I google stuff like 'snowblower shear pin nut came loose off' etc but surprisingly didn't read any posts or anything. 

for like 20 cents, I'll put lock nuts on, but figured I'd bring this to peoples' attention and see if anyone confirms that these often fall off with using regular nuts?
Could probably use a lock washer also or some thread locker but I don't have faith in those holding up on an auger. 

And this guy says you shouldn't tighten the nut down all the way because you might pinch the outer pipe onto the inner pipe and thus defeat some of the purpose of the shear pins, which you can't do with a non lock nut. A regular nut you'd have to tighten down all the way or it will very easily come off.


----------



## unknown1 (Dec 13, 2015)

Interesting question...You got me wondering.

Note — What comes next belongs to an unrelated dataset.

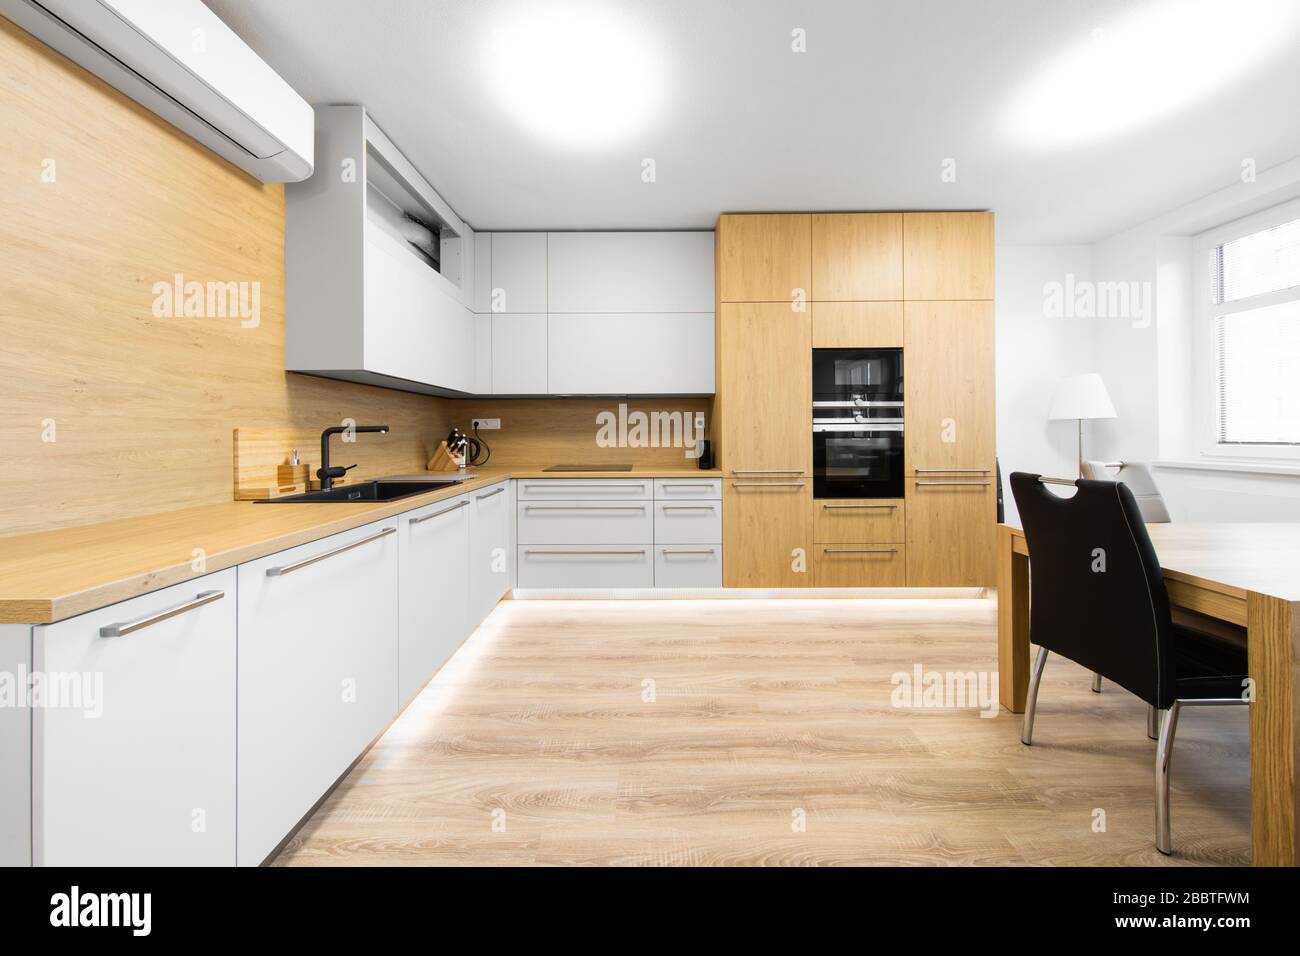 Moderne Küche mit schwarzem Waschbecken und Klimaanlage Stockfotografie -  Alamy

Obviously, some auger bolt nuts have a nylon inner piece that locks them..
Husqvarna 580 79 04-01 Snow Blower Shear Bolts, 6-Pack

But I just checked mine in the garage and they don't have that. However, they almost feel as if they are "cross threaded" . In other words the nut doesn't thread smoothly onto the bolt.. it feels stiff as if it's chewing its way down the threads and tightening as it goes. Don't know if that's by design or not. Could they be tapered perhaps?

Let's see what folks have to say.


----------



## ELaw (Feb 4, 2015)

Locknuts come in a few different flavors, some of which can be tough to identify in a photo or video.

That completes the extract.